“My father got a dingy and we all got in, but my father said we couldn’t take my dog, Licia, because he couldn’t fit in the boat,” Khan said. “I was crying for my dog. Then Licia jumped in the water and started to swim after us.”
In exile with Licia for months as the war raged, the family watched as hundreds of thousands of people died. But finally, East Pakistan was liberated and became Bangladesh.
“It was the 16th of December, 1971,” Khan said. “A nation was born right before my eyes.”
His parents remained building the new nation, and when his father died he was the Senior Deputy Secretary of Military Defense in Bangladesh.
But Khan knew the United States was the country he wanted to call his home, emigrating in 1981, a citizen by 1988.
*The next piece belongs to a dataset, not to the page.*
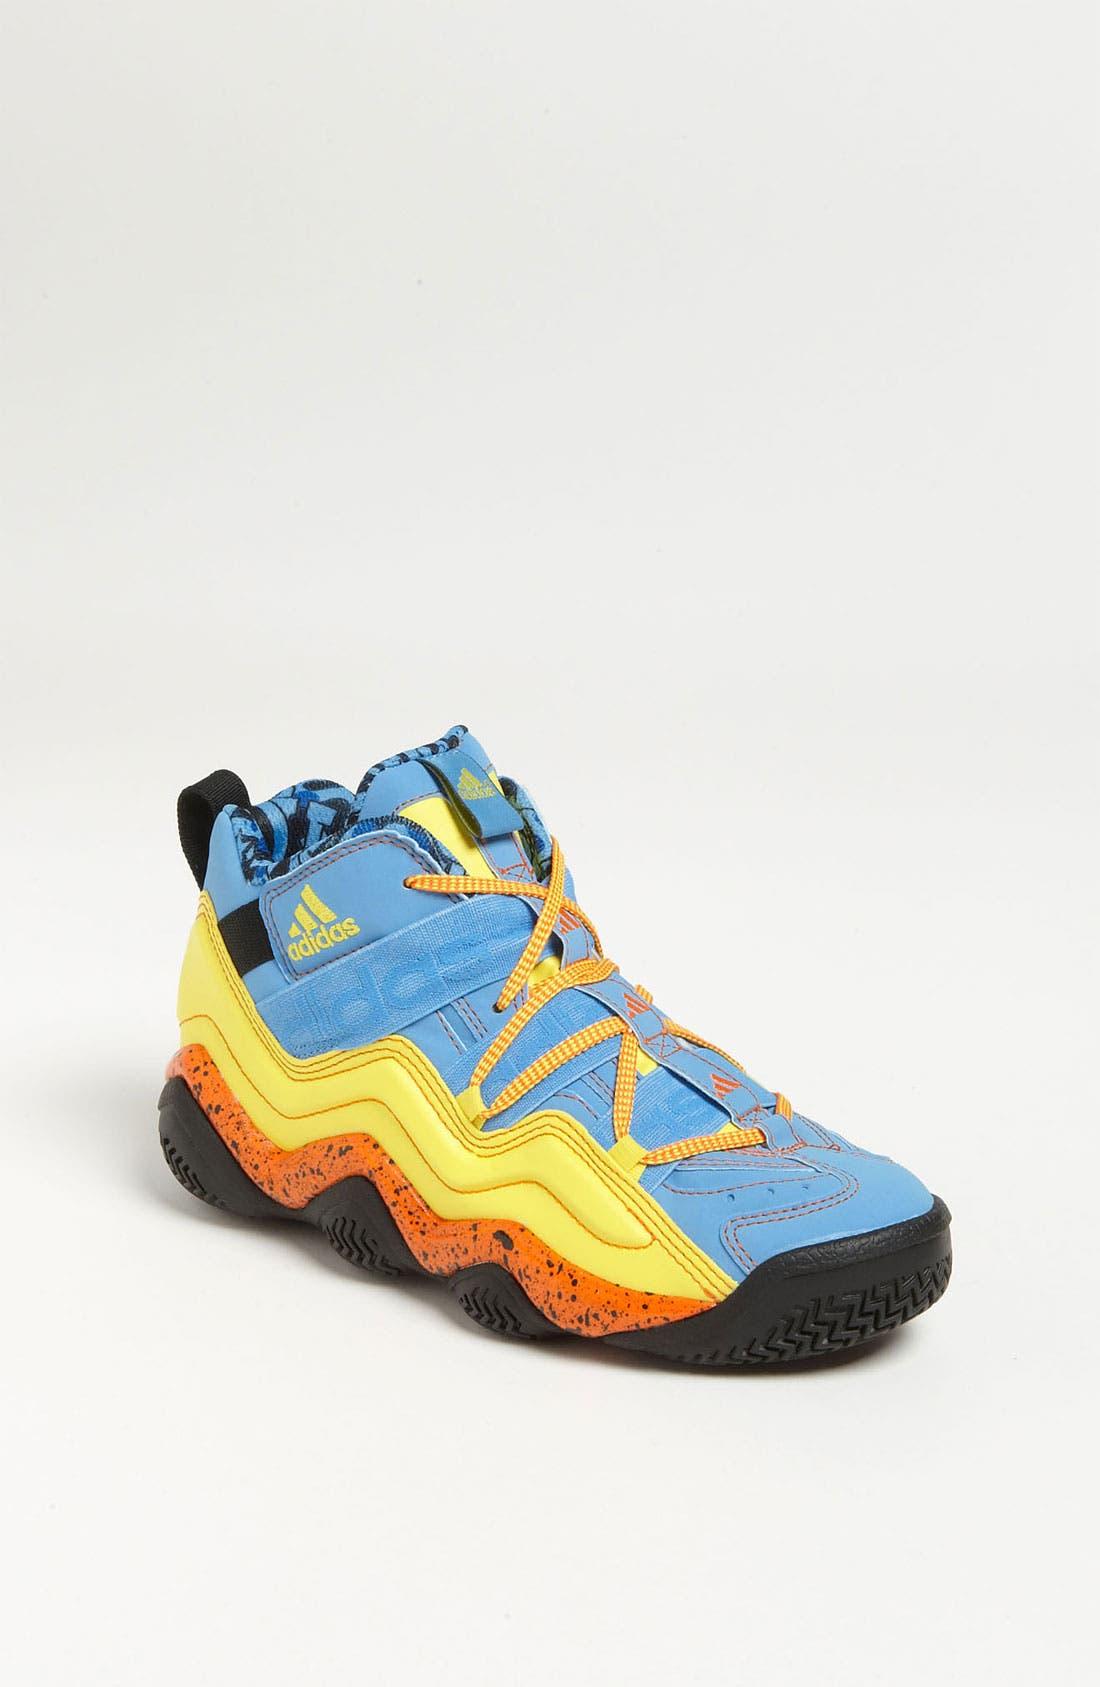 Main Image - adidas 'Top Ten 2000' Sneaker (Big Kid)

With his wife Nanni, he’s run a successful business here, they started and raised their family here. Their 24-year old daughter, Nusrath, a general accountant at Raytheon, is working on her masters. Son Atik, 18, is a college student at Bryant.
“They’ve both made us so proud,” he said.
And all of it – his youth in Bangladesh, his life here – gives Khan perspective to appreciate what he has more than most.
“When I was in Concord at the State House this week I met the new (Republican) Minority Leader, Gene Chandler,” Khan said. “He said he looked forward to working with me. Where else could this happen. Where else but America.”